A comparison of the loci correlated with DE and DB from CTCFAID2/dZF1 and CTCFAID2/dZF10 showed these ZFs regulated mutually exclusive gene sets (Additional file 1: Fig. S7e). As an example, the ChIP-seq track for DDN showed two unaltered CTCF binding peaks for CTCF in CTCFAID2/WT, CTCFAID2/dZF1, and CTCFAID2/dRBR. However, the CTCFAID2/dZF10 mutant showed a loss of binding at one of the CTCF peaks, which was associated with decreased gene expression (Fig. 5c, d). Similarly, the ChIP-seq track for FGFBP2 showed reduced CTCF binding was limited to CTCFAID2/dZF1, and gene expression increased upon reduced binding (Fig. 5e, f). These examples highlight the unique specificity ZF1 and ZF10 play in regulating the transcription of a subset of genes controlled by CTCF.
Loci regulated by ZF1 or ZF10 were enriched for a CTCF binding motif associated with its respective binding
We hypothesized that genes whose regulation by CTCF was dependent on ZF1 or ZF10 for chromatin binding might require additional DNA signatures unique to each ZF, in addition to the core CTCF consensus sequence motif, for CTCF binding. Motif enrichment analysis for ZF1 and ZF10 mutants was performed on the loci identified with DB from the previous analysis. Loci with decreased CTCF binding in CTCFAID2/dZF1 cells were enriched to include the 20 base−pair CTCF consensus sequence motif and an additional DNA sequence overlapping and 3′ of the consensus sequence. The motif clustering automatically identified 5 clusters with a slight difference at CTCF consensus core motifs. Strikingly, all 5 clusters were enriched for a dominant G nucleotide positioned at position + 4 proximal to the core motif. In total, the G signature represented more than 82% of decreased CTCF-bound sites (Fig. 6a) . The G signature was not enriched in control peaks, but only in CTCFAID2/dZF1 with decreased binding, highlighting it was specifically enriched in loci dependent on ZF1 for binding (Fig. 6b). While the interaction between ZF1 and a motif downstream the consensus sequence motif has been speculated , this is the first direct in vivo evidence that ZF1 interacts with a specific DNA signature.

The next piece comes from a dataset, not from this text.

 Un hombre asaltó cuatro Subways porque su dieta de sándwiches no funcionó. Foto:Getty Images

Like observations for ZF1, loci that exhibited decreased CTCF binding upon ZF10 loss were enriched for a sequence 5′ of the core consensus sequence motif that shared similarity to the previously identified and predicted upstream (U) motif [22, 25, 26, 47, 48]. When CTCFAID2/dZF10 DB peaks were compared to CTCFAID2/WT, the upstream sequence motif was observed in 79.1% of decreased CTCF-bound sites (Fig. 6c). The consensus sequences fell into 5 clusters with the majority in clusters 2 and 3. As was seen for ZF1, there was no enrichment of the upstream motif in control peaks that do not change when comparing CTCFAID2/dZF10 against CTCFAID2/WT (Fig. 6d).

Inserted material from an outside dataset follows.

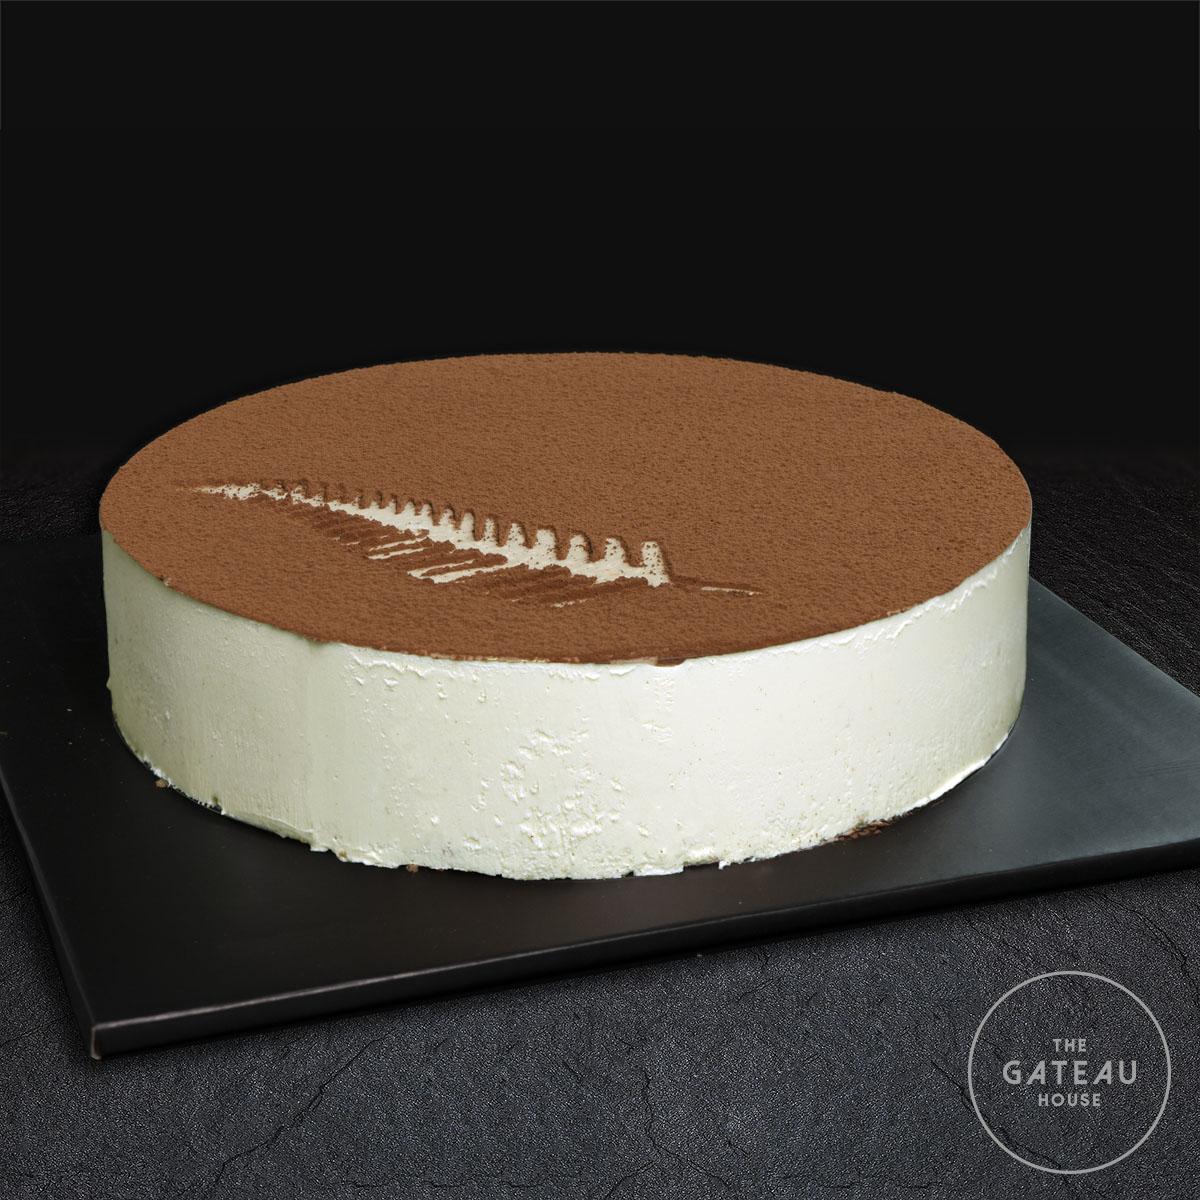 Marvelous Tiramisu Mousse Cake The Gateau House Funny Birthday Cards Online Necthendildamsfinfo

Moreover, we also identified a few interesting clusters that demonstrated conserved sequence signature in CTCFAID2/dZF1 decreased site cluster 5 (Fig. 6a) and CTCFAID2/dZF10 decreased site clusters 4 and 5 (Fig. 6c). The consensus region was too long to be associated with transcription factor motifs. Instead, almost all regions from these clusters could be assigned to a transposable element. Out of 58 sites for CTCFAID2/dZF1 decreased site cluster 5, 40 were LTR41 and 18 were LTR41B. All 82 sites for CTCFAID2/dZF10 decreased site cluster 4 were LTR13. And 63 out of 64 sites for CTCFAID2/dZF10 decreased site cluster 5 could be assigned to LINE L1. It has been reported that LTR13/LTR41/LINE elements were associated with CTCF . Our study confirmed this observation and further suggested specifical ZFs can be related to the individual transposable element type. The functional correlation between these motifs and CTCF protein remains an interesting topic for further investigation.

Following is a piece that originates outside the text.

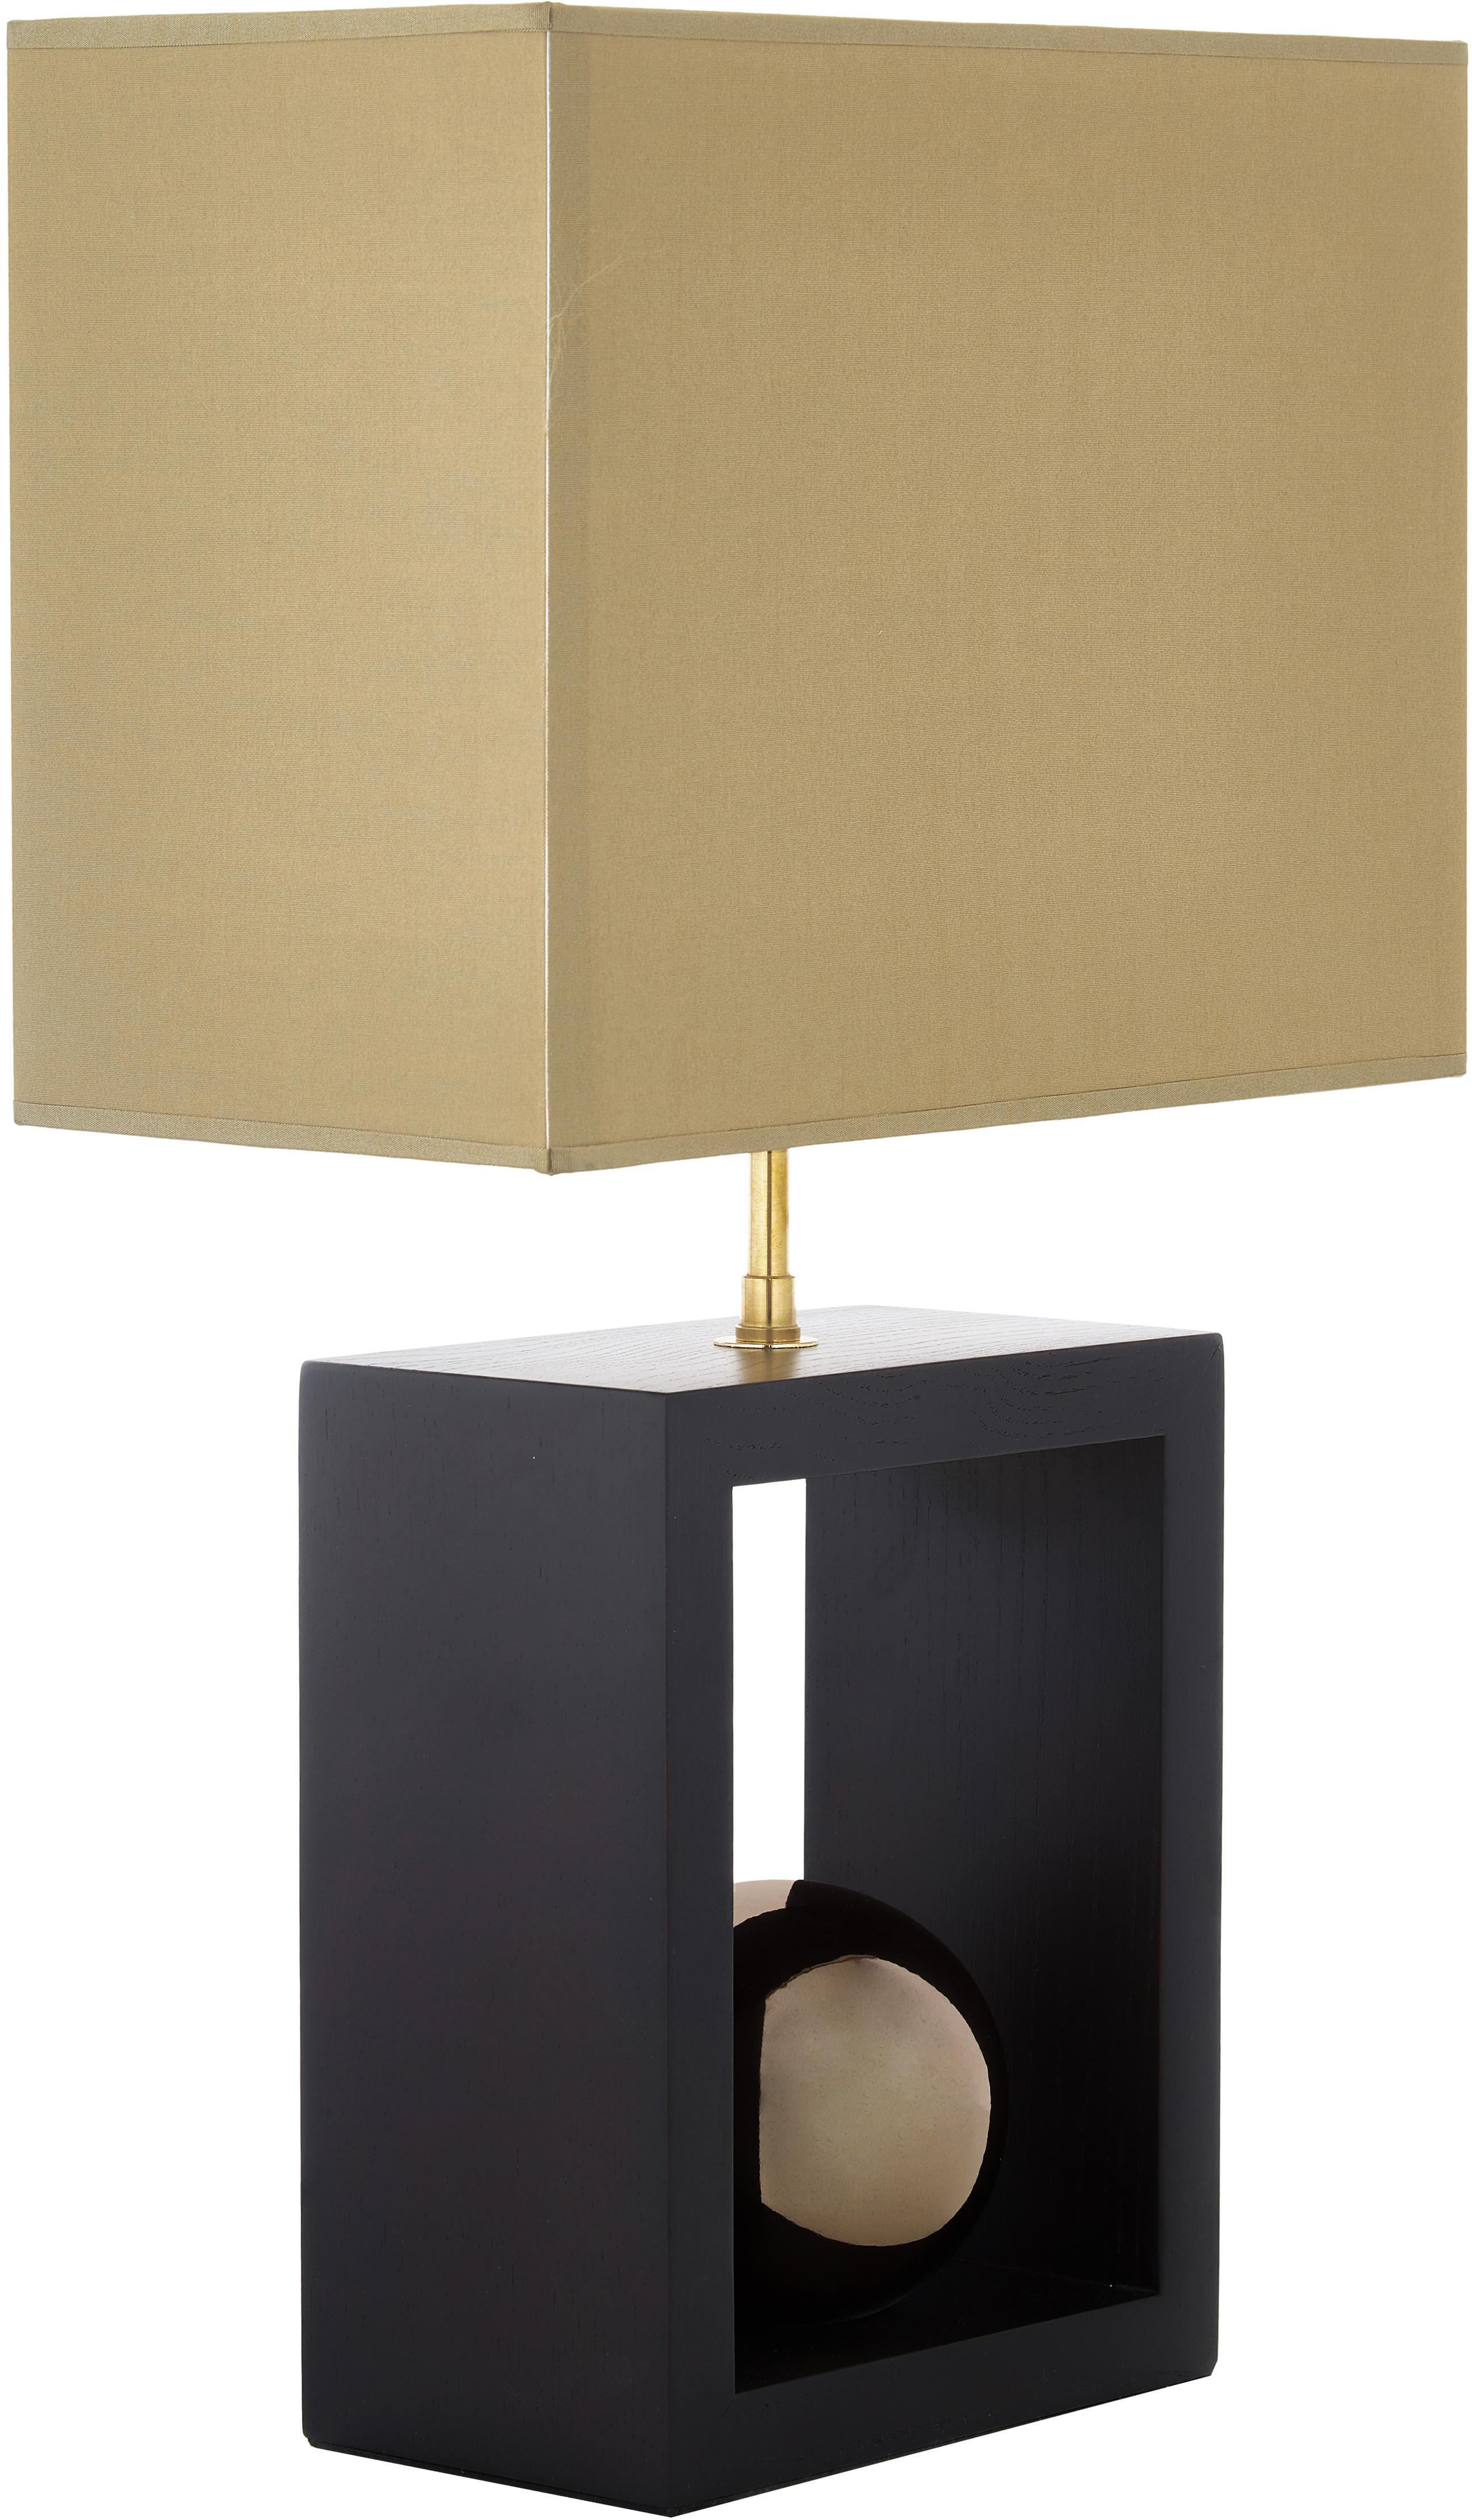 Tischlampe Scala aus Buchenholz, Lampenschirm: Polyester, Lampenfuß: Buchenholz, lackiert, Goldfarben, Braun, 30 x 54 cm

In this study, we demonstrated the new AID2 degradation system is a powerful and superior tool to degrade endogenous CTCF quickly and efficiently with hundreds of folds less auxin, overcoming combined off-target effects of high auxin concentrations and CTCF depletion. As was previously observed by us and others using the AID1 system [12, 18, 19], CTCF degradation using the AID2 system led to a genome-wide loss of CTCF chromatin binding and looping with a modest effect on genome-wide transcription regulation. A main benefit observed using the new AID2 system was reduced cellular toxicity following CTCF depletion. In addition, SLAM-seq analysis revealed degradation of CTCF using the AID1 system caused a significant early shift in nascent and steady-state gene expression that would not be anticipated due to retained CTCF expression at early time points, which was not observed using AID2, further supporting the AID2 degradation system is superior for transcriptional studies.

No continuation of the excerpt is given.